Ik voelde me anders

Al mijn hele leven voel ik me anders dan andere. Ik reageerde vaak heftiger of gewoon anders op situaties. In de pubertijd werd dit alleen maar erger. Zo rond mijn 14de jaar gingen mijn ouders voor het eerst met mij naar de Ggz. Ook mijn ouders vonden mijn gedrag niet helemaal kloppen. Eenmaal op de afdeling jeugd konden ze weinig voor mij of mijn ouders doen. We werden afgescheept met de boodschap dat ik gewoon wat heftiger puberde dan de gemiddelde tiener. Dat tijdens deze periodes ik van huis weg liep om niet uit mezelf terug te komen, ik vooral mijn moeder voor van alles uit maakte, mijn jongere zusje hier zo van van slag kon raken dat ze liever had dat ik niet meer terug kwam, alcohol misbruikt werd om me (nog) euforischer te voelen en ik alles deed waar ik maar zin in had afgewisseld met periodes waarin ik (eraan dacht) een einde aan mijn leven te maken, me super onzeker voelde en het liefst mijn bed niet uit kwam viel dus allemaal onder de noemer puber.

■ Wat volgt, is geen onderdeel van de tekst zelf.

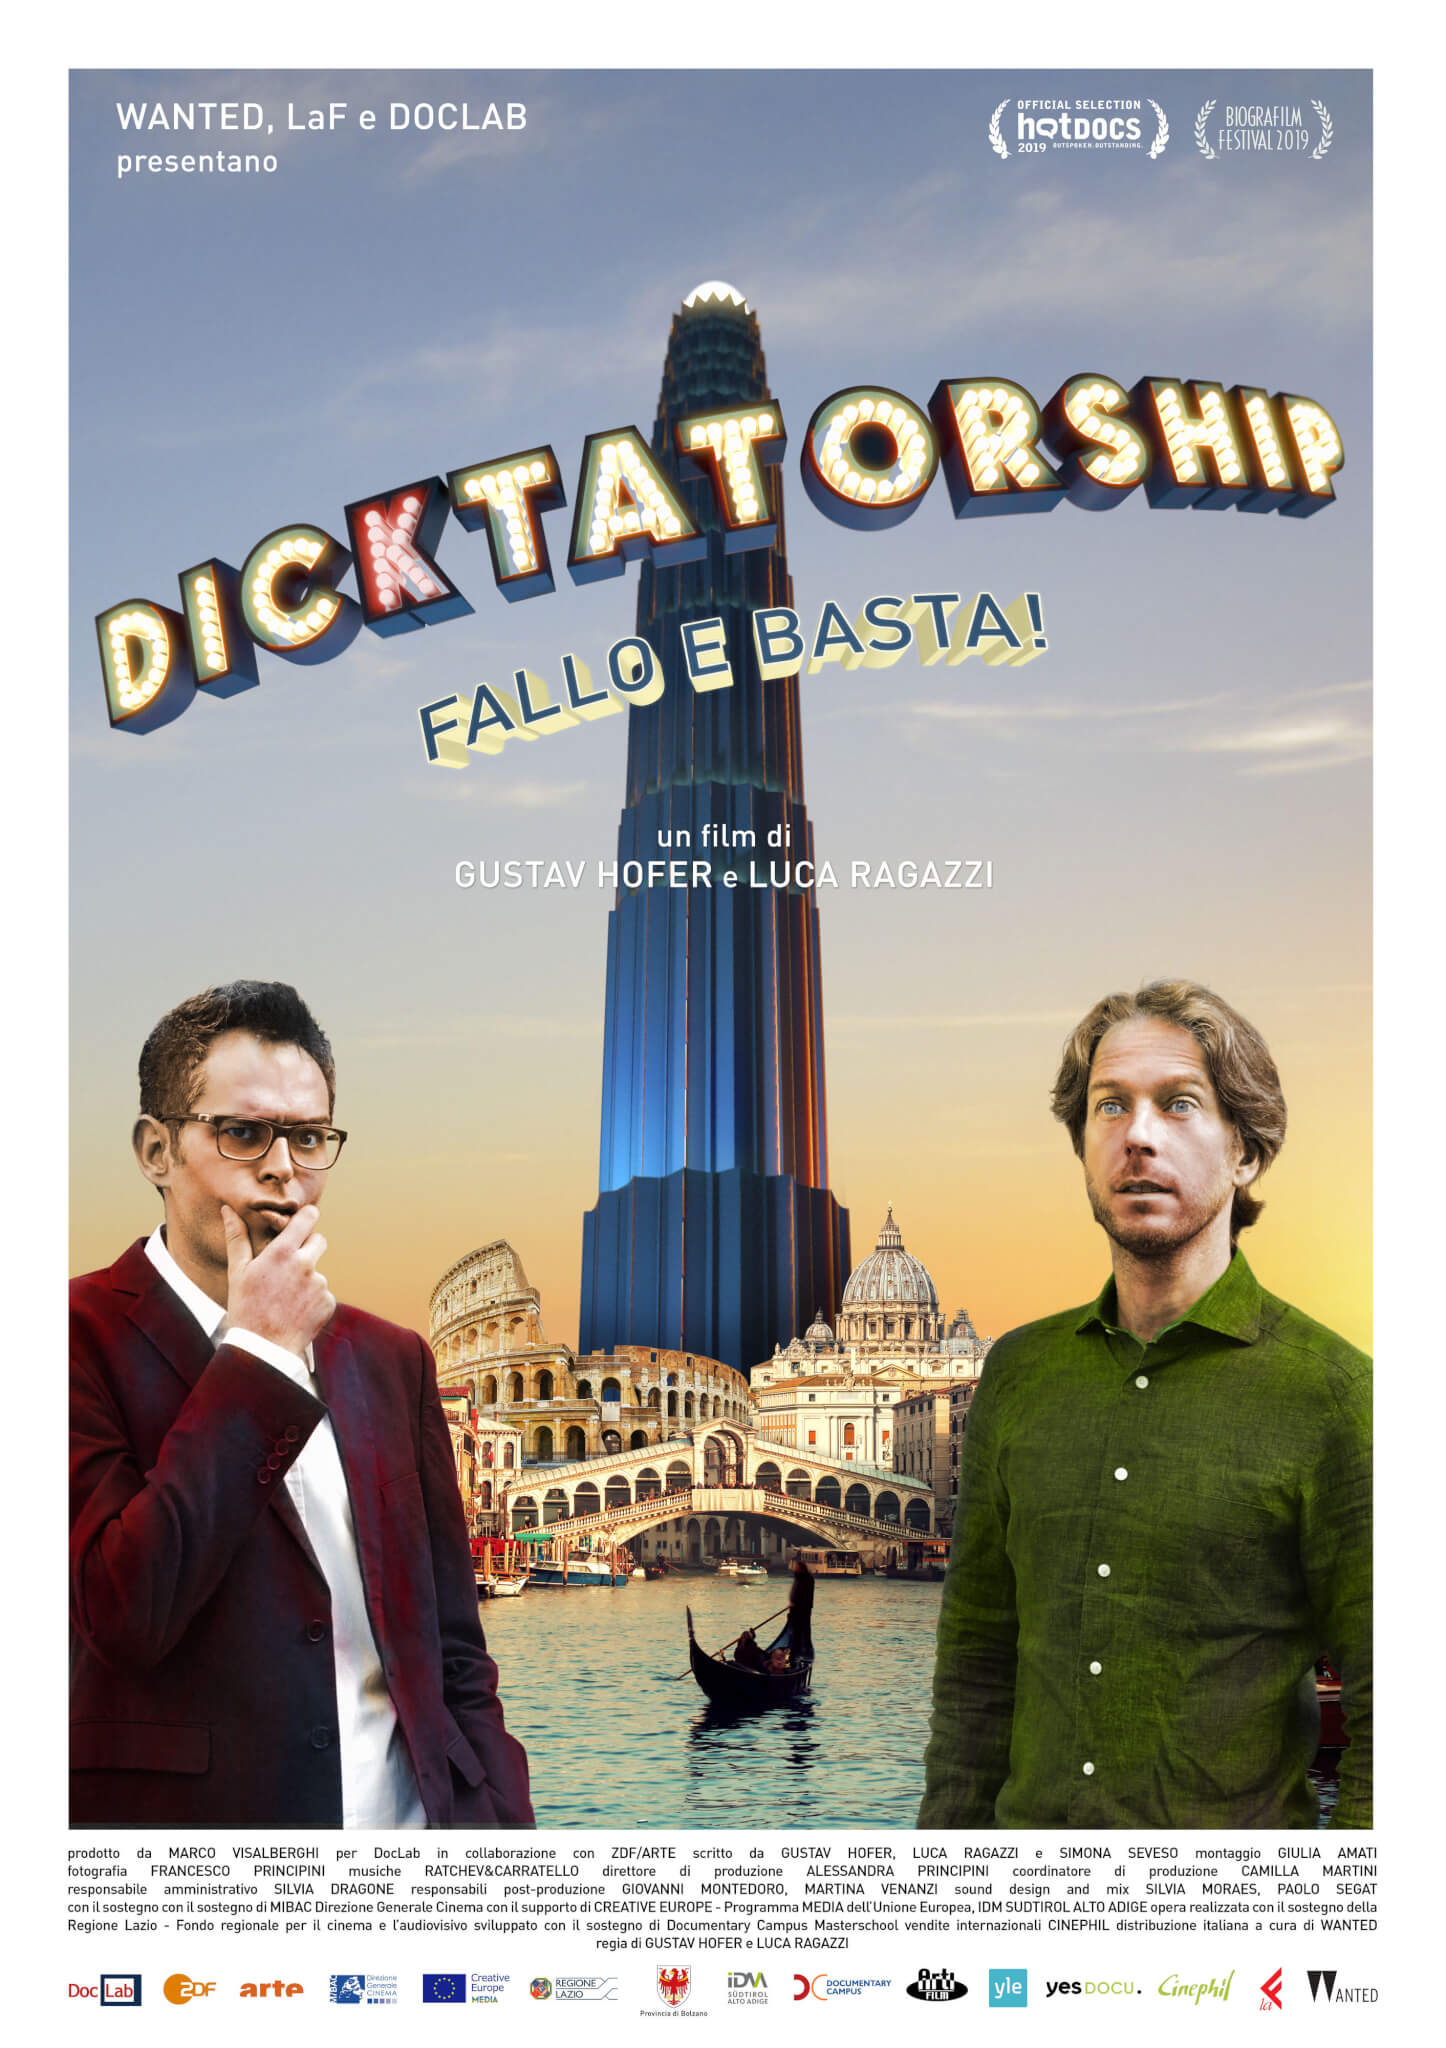 Dicktatorship - Fallo e Basta: poster e trailer del nuovo doc di Gustav Hofer e Luca Ragazzi - manifesto DICKTATORSHIP - Gay.it

Wij vonden mijn gedrag niet normaal maar je denkt dan dat de ggz het wel zal weten. Zij zijn de professionals. Mijn leven ging zo met ups en downs door tot mijn leven belangrijke live events achter elkaar te verwerken kreeg. Het bedrijf waar ik werkzaam was kreeg twee grote veranderingen te verwerken waardoor ik naast mijn 40 uurige werkweek vaak nog 3 avonden op de zaak te vinden was en in de ochtend al een uur voor mijn collega's aanwezig was. Dit werd nooit opgedrongen maar ik voelde me zo verantwoordelijk voor het juist gaan van de gang van zaken dat ik dit wel even deed. In dezelfde tijd kondigde mijn zusje aan dat ze ging trouwen. Een hele leuke tijd natuurlijk maar ik begon bijna obsessief alles te regelen. Zeker toen de datum begon te naderen. Dit deed ik naast mijn toch al behoorlijk drukke werkweek. Toen helaas twee weken voor de trouwdatum van mijn zusje mijn oma ook nog overleed wist ik het regelen van de begrafenis er ook nog een bij te combineren.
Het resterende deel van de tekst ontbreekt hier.